The Fort de Vézelois is similar to the Fort de Bessoncourt and was designed to support Bessoncourt and the Fort du Bois d'Oye, covering the road from Basel and the Mulhouse railway line. It was garrisoned by between 500 and 600 men. The fort received concrete cover in 1888–89, its artillery dispersed to batteries outside the fort. In 1909 the caponiers were replaced by counterscarps. Parapets and a subterranean shelter were provided for infantry, while a casemate, two machine gun turrets and a 75mm gun turret were added. From 1893 the fort was linked to other forts around Belfort via the Chemins de fer du Territoire de Belfort strategic railroad.

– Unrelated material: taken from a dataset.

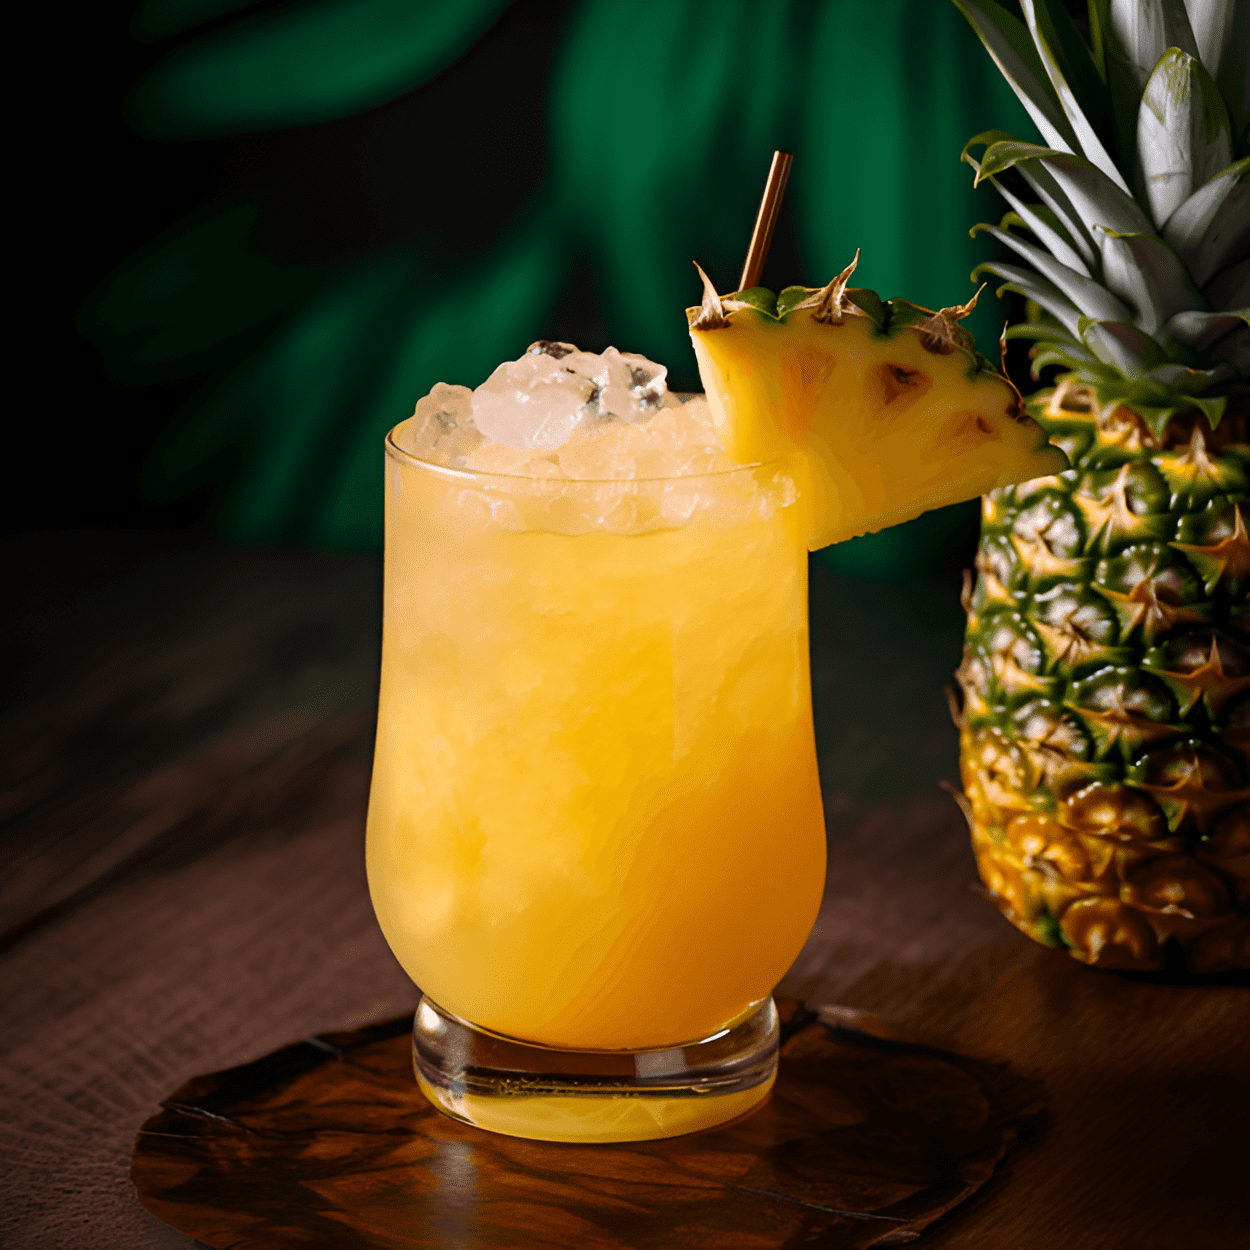 Pikachu Ing Cocktail Recipe - The Pikachu Ing cocktail is a delightful blend of sweet and sour, with a hint of tropical fruitiness. The pineapple juice gives it a sweet, tangy flavor, while the lemon juice adds a refreshing sour note. The vodka gives it a strong kick, making it a lively and exciting drink.

In 1940 the fort was manned by the 8th Battery of the 159th Position Artillery Regiment (RAP), part of the fortified region of Belfort under the French 8th Army, Army Group 3. From 16 March 1940 the RF Belfort became the 44th Fortress Corps (CAF).

After the Second World War the fort was used by the French Army for ammunition storage until the 1990s. The fort is now owned by the Commune of Vézelois and is in the care of an association for its restoration. The fort may be visited.